Furthermore, implementations of RSA cryptosystems don't actually use private keys that have the same mathematical shape as public keys. The public key is always the numbers N and e. But the private key is often represented not using the number d such that (A^d)^e = A mod N. Instead, it's represented as the two primes P and Q such that N = P × Q plus some other numbers that are calculated during the key generation process. This representation allows (A^d) to be calculated faster using mathematical properties resulting from the Chinese remainder theorem, so it's known as the CRT representation of an RSA private key. The CRT representation always allows e to be recovered, so it is fundamentally asymmetric. Whichever side knows the CRT representation knows both their private key and the other key.

The fact that the core of RSA involves two mathematical objects that happen to be interchangeable from a mathematical perspective is a bit of mathematical curios that has little relevance for cryptography. It's an oddity in the world of public-key cryptosystems. In most public-key cryptosystems, the private key and the public key are different kinds of mathematical objects. For example, Diffie-Hellman and DSA are both based on the discrete logarithm problem, where the private key is a number x and the public key is g^*x for some g.
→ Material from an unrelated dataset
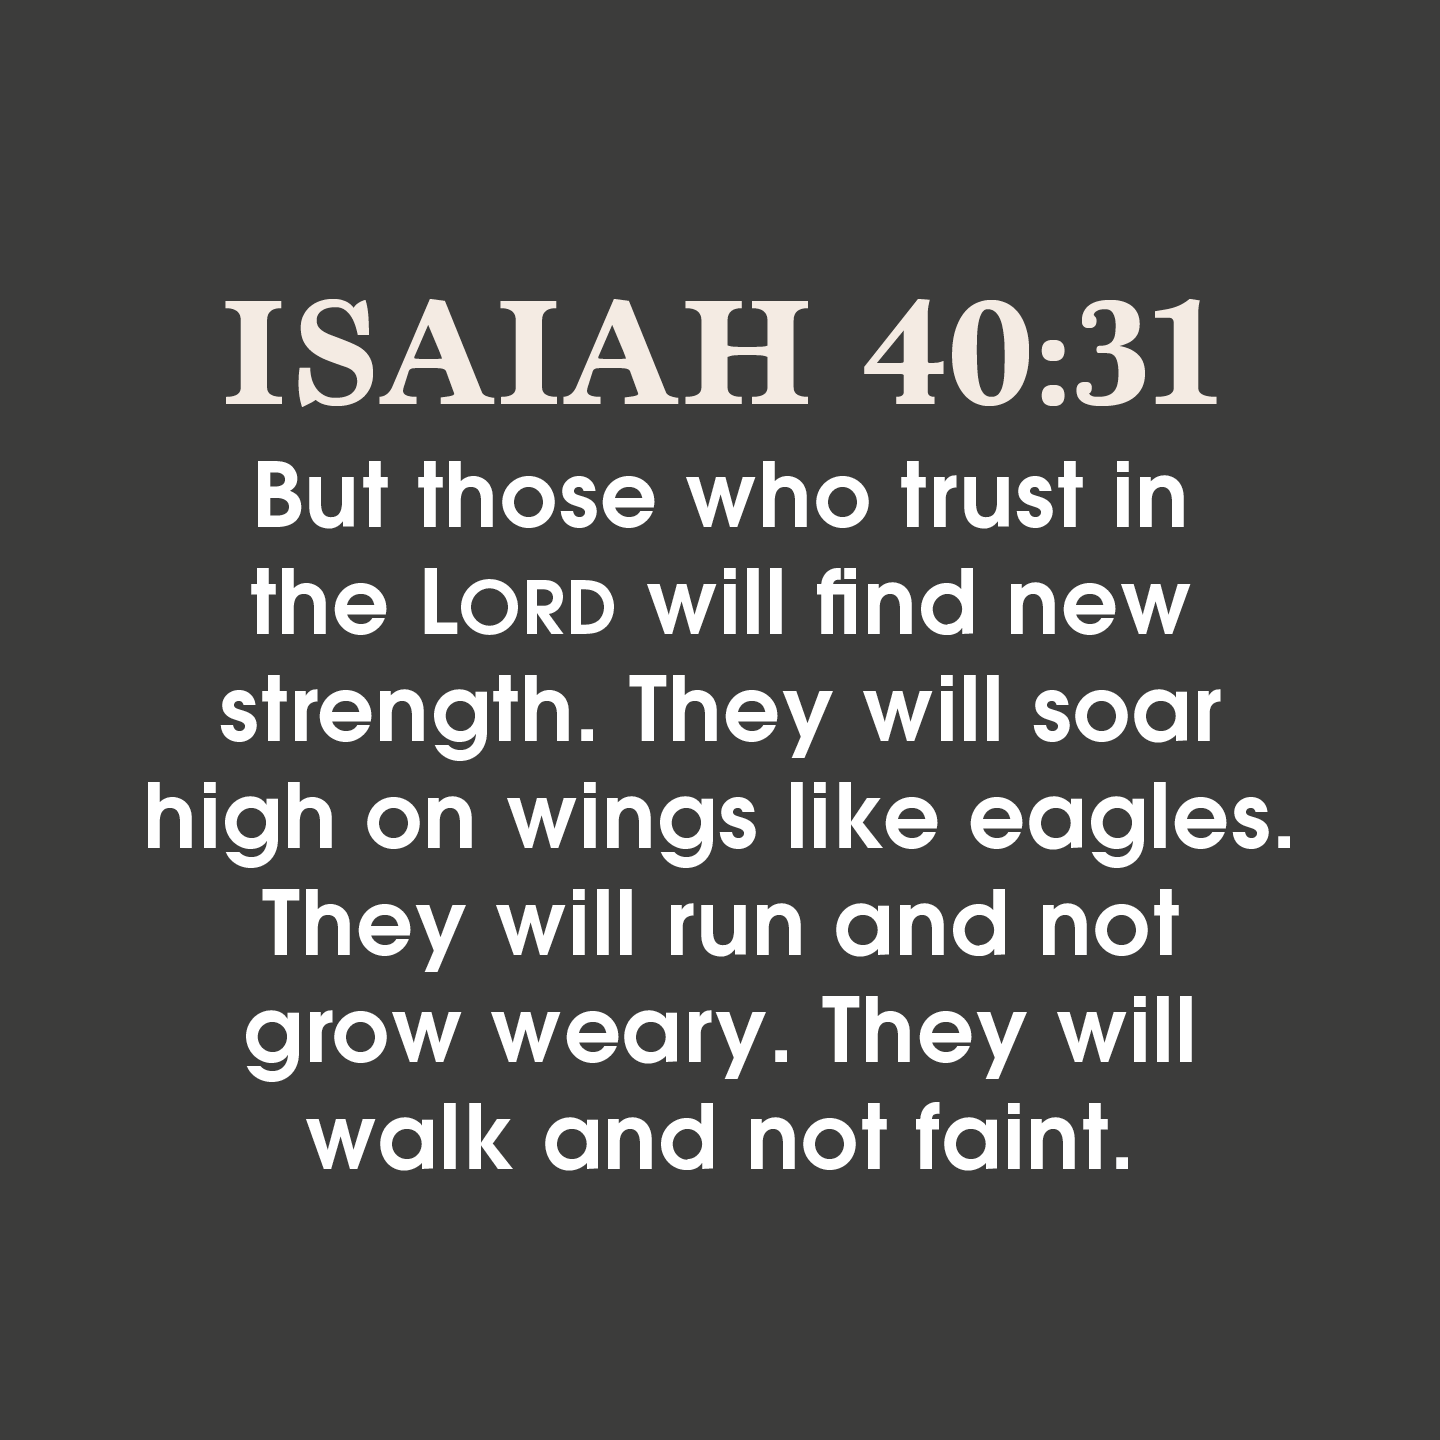 ISAIAH 40.31 But those who trust in the LORD will find new strength. They will soar high on wings like eagles. They will run and not grow weary. They will walk and not faint: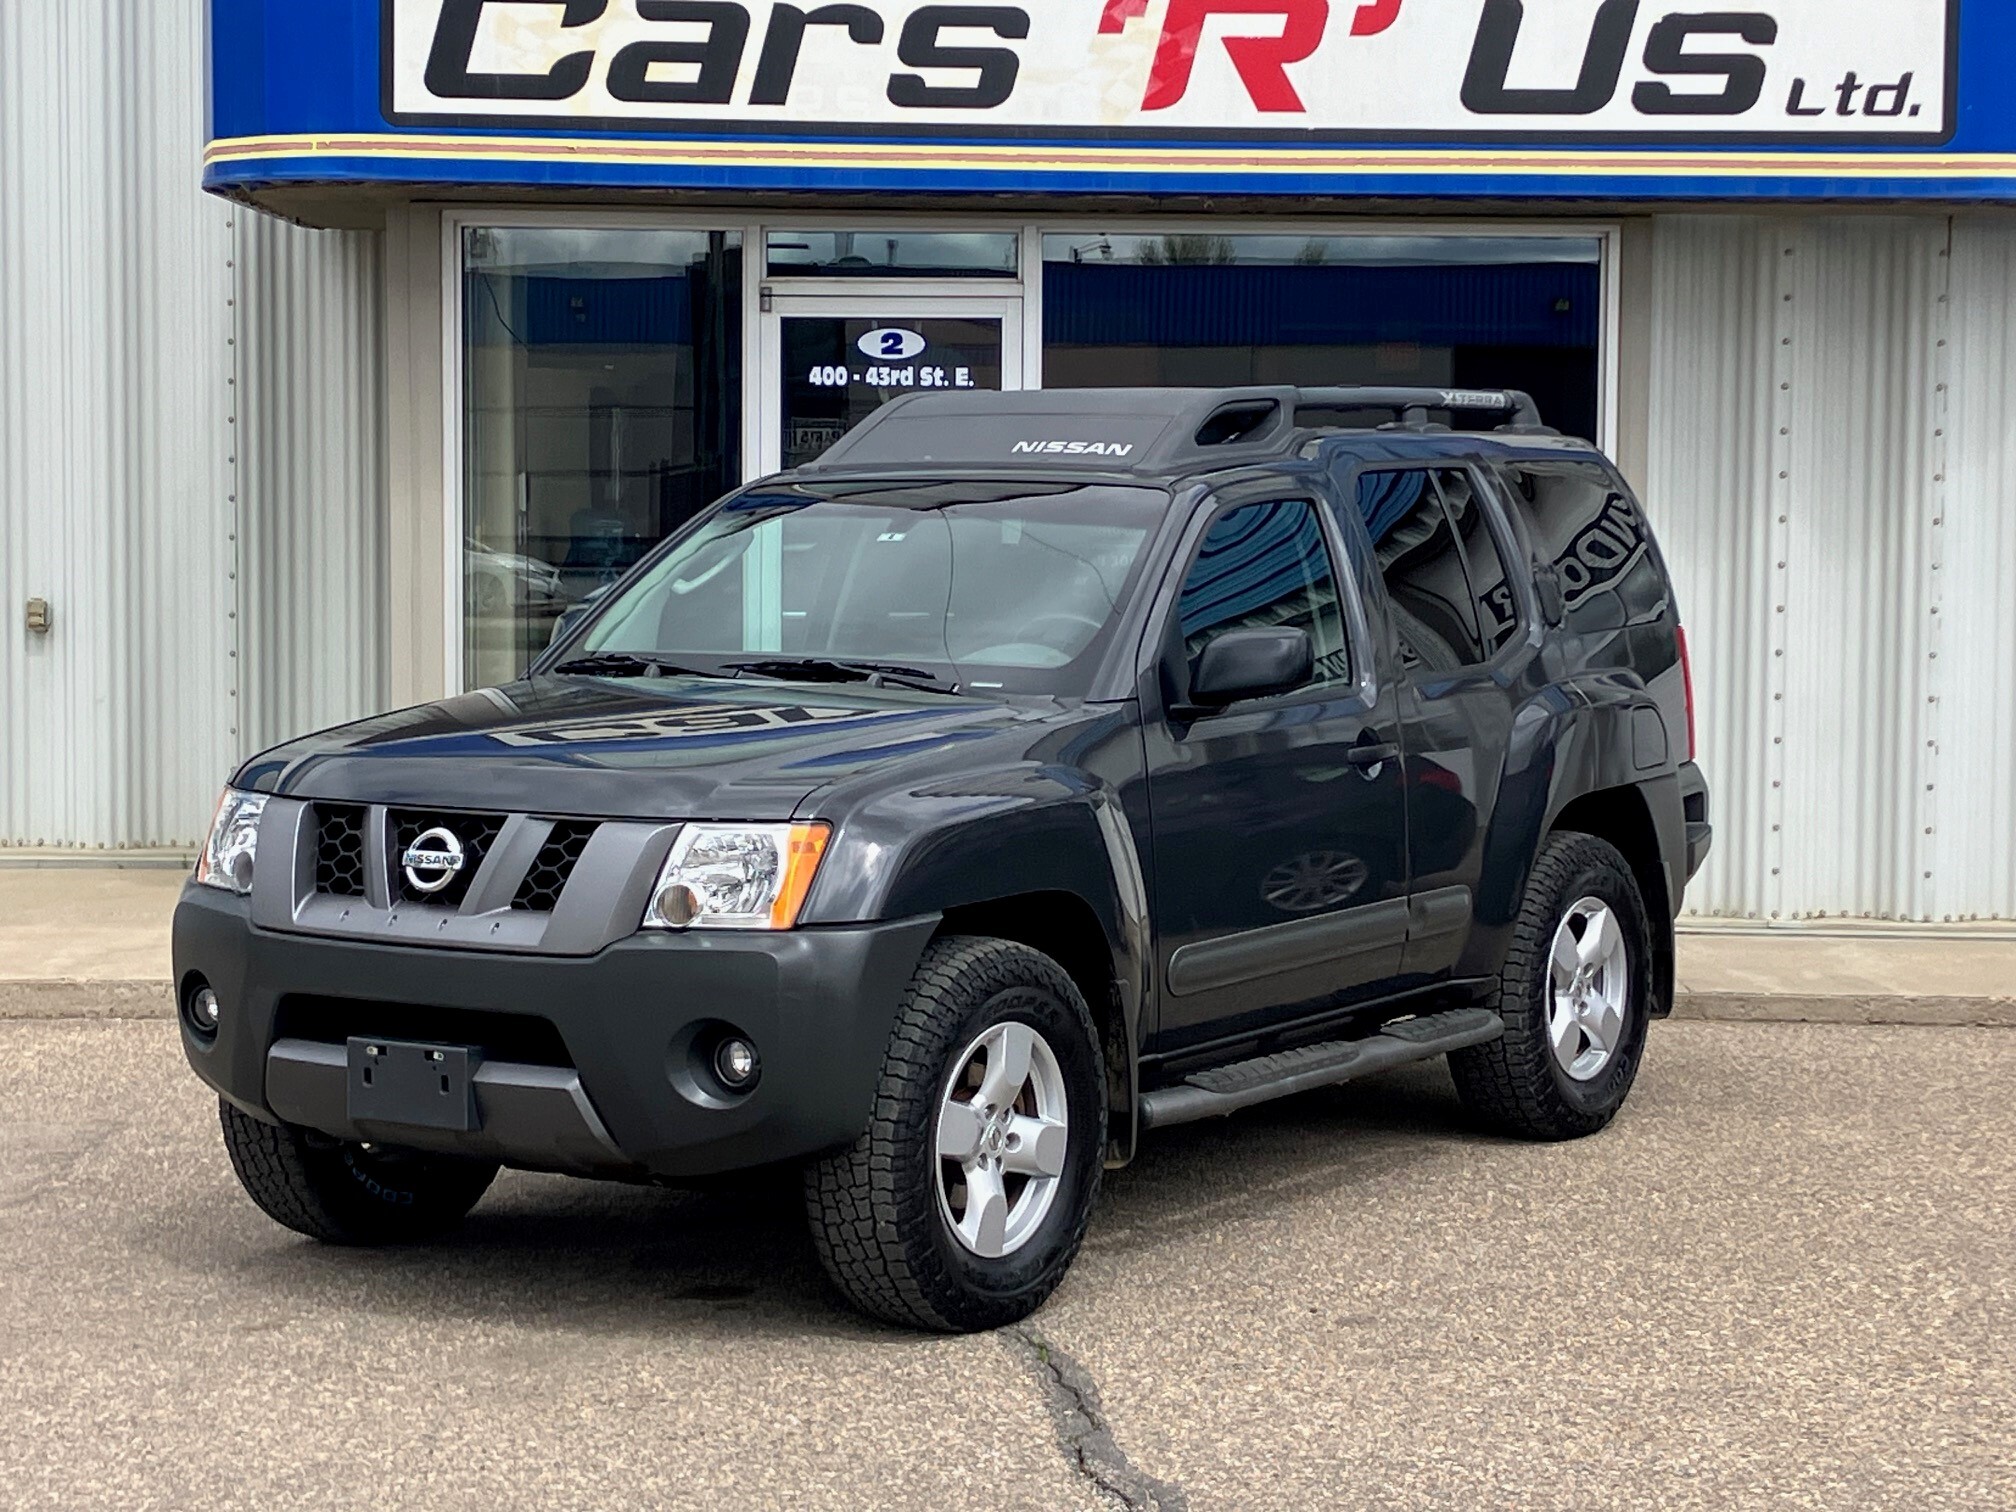 2005 Nissan Xterra 4dr S 4WD V6 Auto CLOTH LOADED ONLY 125K!

The numbers x and g^*x are in different ranges. In their elliptic curve variants ECDH and ECDSA, x is an integer but g and g^*x aren't even numbers, they're points on a curve. Even for RSA, we've seen above that the private key is usually not the same kind of object as the public key. So the public key and the private key are not interchangeable from a mathematical perspective: you simply cannot perform a public-key calculation with a private key or vice versa.